Читать «Связь времен» онлайн - страница 23
Федор Федорович Нестеров
Слова «всех одинаково гнетет он жестоким рабством… распоряжаясь беспрепятственно и по своей воле жизнью и имуществом всех» выделяются западными историографами курсивом, и дальше начинаются их псевдоглубокомысленные рассуждения о принципиальном различии европейской монархии и русской; о том, что последняя, будучи наследницей татарских ханов и византийских басилевсов, являла собой яркий пример азиатской деспотии; о «цезарепапизме» московских государей, подчинивших светской власти духовную и добившихся на этой основе их слияния, и т. д. Заодно приводятся также свидетельства английских купцов второй половины XVI века о том, что в Московии «черные» сословия задавлены тяглом, что правительство по собственному разумению, не встречая никакого сопротивления, увеличивает старые подати и вводит новые.
Из всего этого делается вывод об исконной любви русского народа к рабскому состоянию и о том, что Россия была азиатской державой. Характерно, однако, то, что ни один из современных западных псевдоисториков России, цитирующих рассказы о ней европейских путешественников, никак не сопоставляет эти рассказы между собой, не подвергает их научному анализу. Это, впрочем, и понятно: объективный научный анализ привел бы исследователя к заключениям, очень отличным от тех, что диктуются заранее поставленными политическими целями. Доказывают только то, что и требуется доказать.
Проведем же некоторые сопоставления сами. Германский барон усматривает особую тиранию московских государей в том, что они (Иван III и Василий III) отняли «у всех князей и других владетельных лиц все их города и укрепления», в том, что бояре должны были оставаться при дворе или отправляться в посольство за свой счет, в том, что власть великого князя распространялась не только на мирян, но и на церковь. Однако ни один из английских купцов не подтверждает этих упреков. А французский дворянин Маржерет, побывавший в качестве наемника на русской военной службе, не разделяет негодования англичан по поводу чрезмерных налогов, отягощающих купечество и крестьянство. В чем же тут дело?

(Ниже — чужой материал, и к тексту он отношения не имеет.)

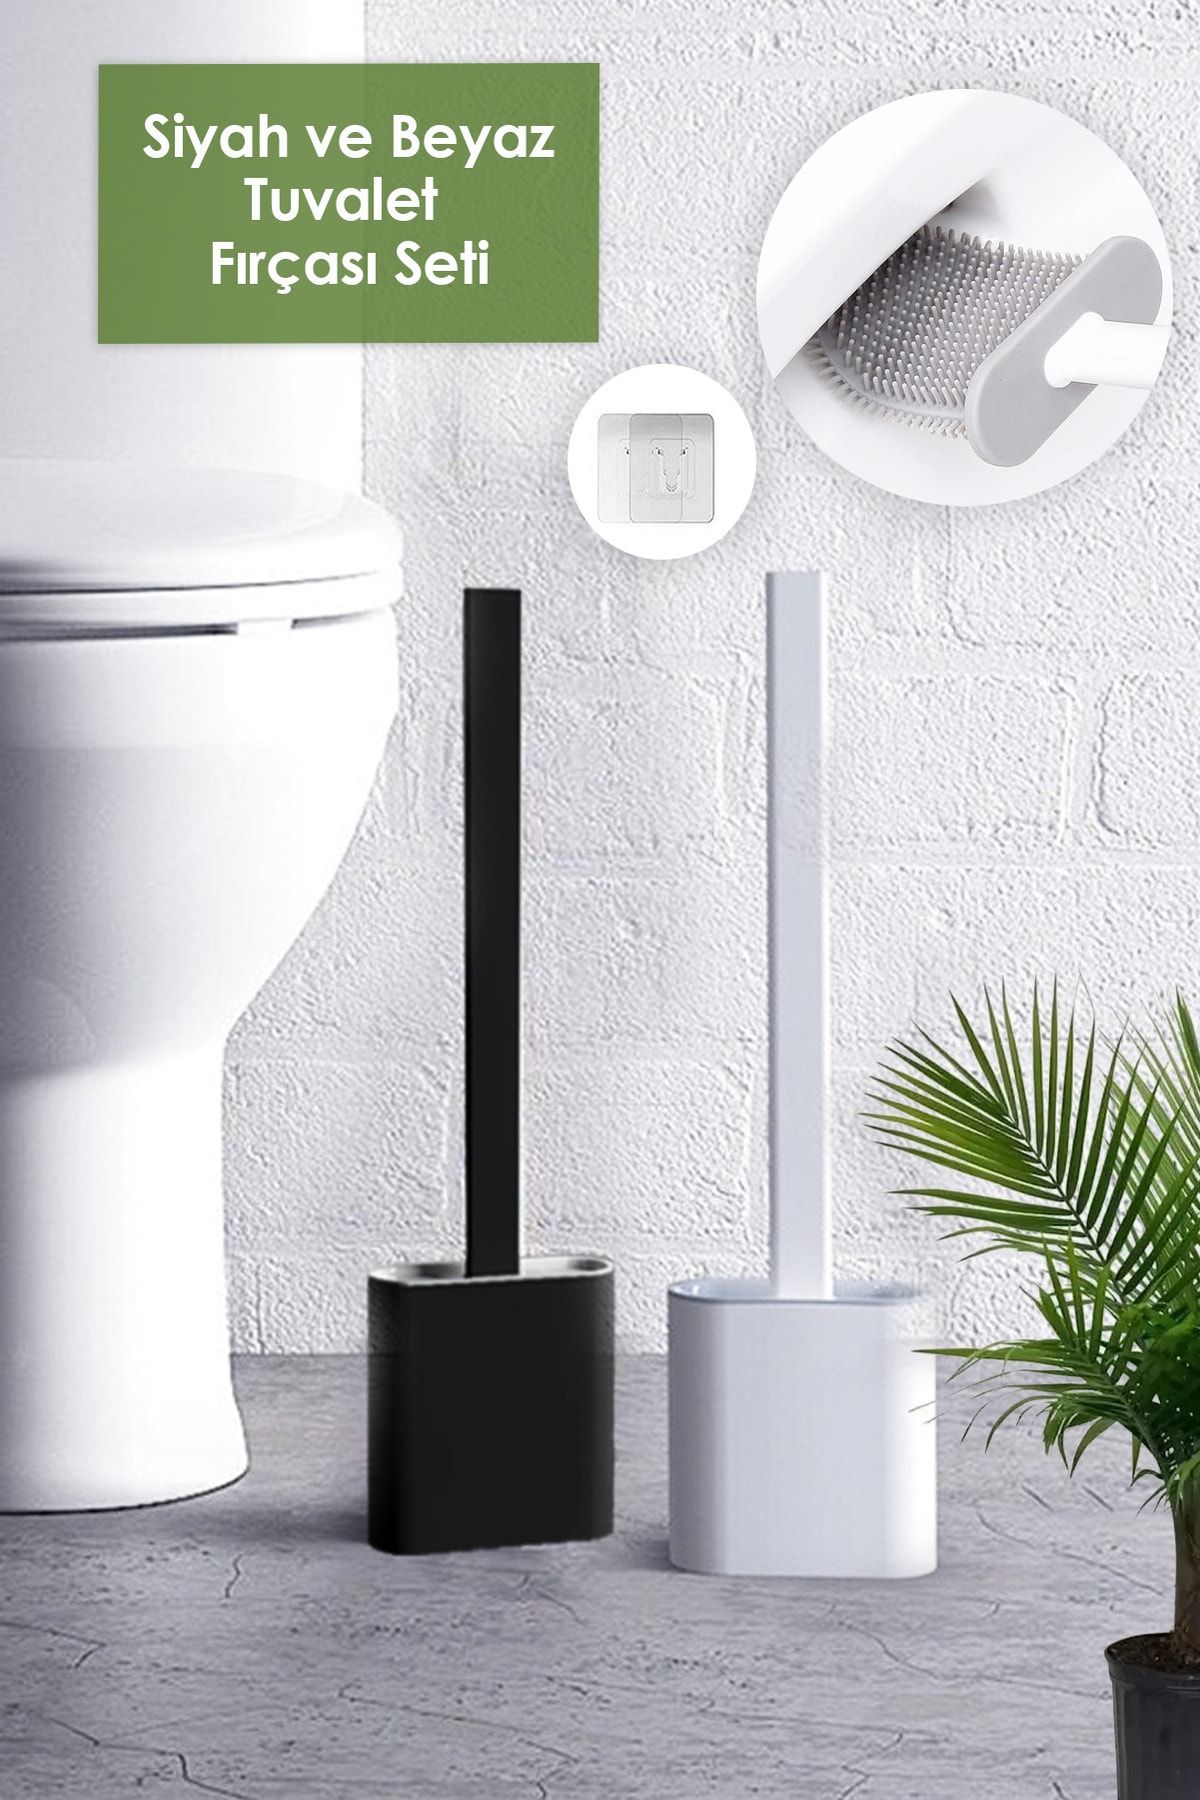 Anadolu Saray Çarşısı 2li Set Beyaz Ve Siyah Renk Silikon Tuvalet Fırçası Set Bükülebilir Pratik Silikon Wc Klozet Fırçası

Дело в том, что каждый иноземец наблюдал Россию со своей национальной и социальной точки зрения, отмечая в первую очередь как раз те черты, которые составляли контраст положению в его собственном отечестве. То, что политическая карта Германии в XVI веке вполне походила на лоскутное одеяло, сшитое белыми нитками из фактически независимых феодальных владений; то, что в ней города и замки принадлежали князьям и более мелким владельцам; то, что католическая церковь и духовенство подчинялись не императору, но папскому престолу, и, конечно, то, что путевые расходы и издержки на дипломатическое представительство покрывались не из личного кармана посла, а за счет императорской казны, — все это, понятно, представлялось барону Герберштейну естественным и справедливым, а противоположные германским русские порядки чем-то чудовищным и деспотичным. Представители же более передовой Англии, уже вступившей в период абсолютизма, воспринимали как само собою разумеющееся именно те черты Московии, которые особенно сильно шокировали немецкого дипломата. И опять-таки по вполне понятным причинам: Генрих VII Тюдор (1485–1509) не только захватил все «города и укрепления», принадлежавшие ранее феодальной знати, но и приказывал в ряде случаев разрушать стены рыцарских замков, а Елизавета I после подавления феодального мятежа в 1569 году окончательно завершила дело своего деда. Россия ту же задачу решила несколько раньше — при Иване III (1462–1505). Генрих VIII в 1534 году рвет отношения с папским Римом, провозглашает себя посредством парламентского акта главой англиканской церкви и тем самым начинает «применять» свою власть к духовным так же, как и к мирянам», говоря языком Герберштейна. В России тот же, по сути дела, процесс отделения русской национальной церкви от вселенской православной, разрыв связей с константинопольской патриархией и упрочение фактического, если не формального, главенства великого московского князя в церковных делах происходит веком раньше, после отказа присоединиться к Флорентийской унии (1439 г.). Не только русские бояре, но и английские аристократы эпохи Тюдоров за свой счет выполняли и придворные и дипломатические функции; знаменитый Уолсингем, посол Елизаветы I при французском дворе, даже разорился на создании английской секретной службы в общеевропейском масштабе. Что-то не видно пока специфически азиатских свойств в московском государственном устройстве.